Затем Ведель излагает, как рыцари и дворяне, впереди которых шли оруженосцы с белыми жезлами в руках, вносили различные блюда. Играли музыканты, а королева постоянно с кем-нибудь разговаривала, подзывая к себе различных людей, которые стояли перед ней на коленях до тех пор, пока она не приказывала им встать. Когда королева покончила с едой, пять графинь поднялись со своих мест и, дважды сделав глубокие реверансы, удалились в другую часть помещения, где и встали в ожидании. Затем Елизавета поднялась и повернулась спиной к столу. Тогда вышли два епископа и прочитали благодарственную молитву. После этого на колени перед королевой опустились три графа с большим тазом из золоченого серебра и два дворянина с полотенцем. Сняв кольцо с пальца, она передала его лорду-гофмейстеру. После того как ей на руки вылили воду, она снова надела кольцо.
Королева уселась на подушку, лежавшую на полу, и начались танцы. Сначала танцевали лишь самые именитые придворные, но затем и молодые люди, сняв мантии и шпаги, стали приглашать на танец молодых дам. Все это время королева сидела на подушке и, подзывая к себе мужчин и женщин, без умолку с ними беседовала.

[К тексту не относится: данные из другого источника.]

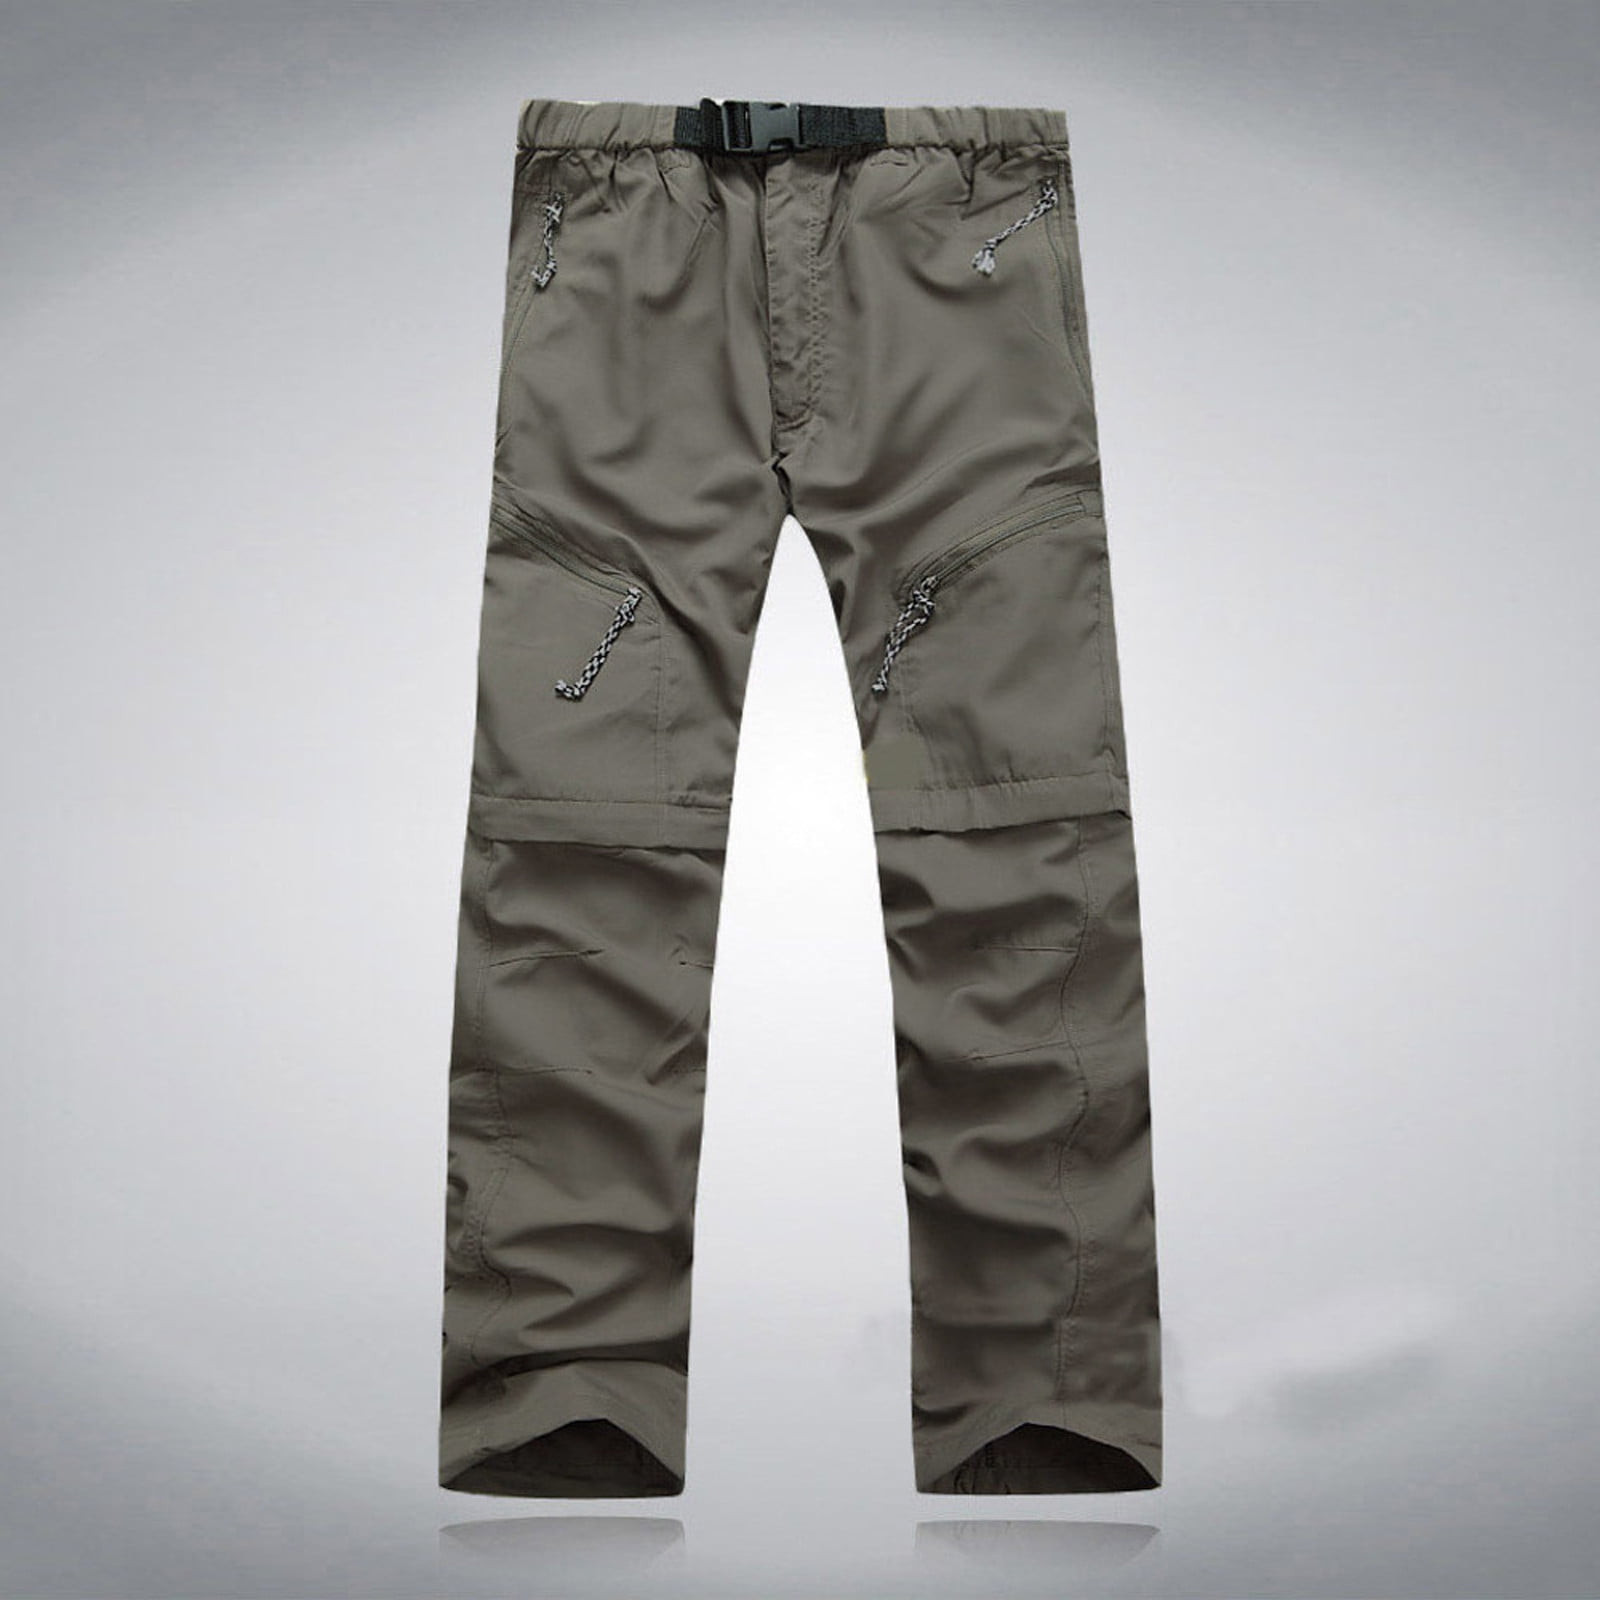 Herrnalise Men's Hiking Pants Convertible Quick Dry Lightweight Zip Outdoor  Fishing Travel Safari Pants Detachable Short Trousers For Khaki,S

«Она весьма мило болтала и шутила и, указав пальцем на одного из них, шкипера, или капитана Ролла (Рэли. — Г. М.), сказала, что на лице у него грязное пятно. Она предложила шкиперу свой носовой платок, но он предусмотрительно вытер лицо сам. Говорят, что сейчас она выделяет его более всех прочих, и этому вполне можно верить, поскольку еще год назад он едва мог держать одного слугу, тогда как теперь, благодаря ее щедрости, может позволить себе держать пятьсот слуг».
Рэли начал свое восхождение к славе в Гринвиче; считается, что знаменитый случай с плащом [55]имел место у сторожевой башни, когда-то находившейся там, где ныне стоит Дворец королевы. Легенда гласит, что на окне Гринвичского дворца Рэли нацарапал: «Охотно бы поднялся, да вот боюсь упасть». К этой фразе Елизавета добавила: «Если тебя подводит сердце, то лучше и не пробуй».
Великим для Гринвича стал тот день, когда Дрейк, первый англичанин, совершивший кругосветное плавание, вошел на своей «Золотой лани» в Темзу и двинулся вверх по течению, в Дептфорд. Проплывая мимо дворца, он дал салют из пушек в честь королевы. Елизавета прибыла в Дептфорд и посвятила Дрейка в рыцари прямо на палубе его корабля. Именно в Гринвиче Елизавета подписала смертный приговор Марии, королеве шотландцев. В этом старом дворце собирался и совет, которому надлежало разработать план сопротивления Великой Армаде.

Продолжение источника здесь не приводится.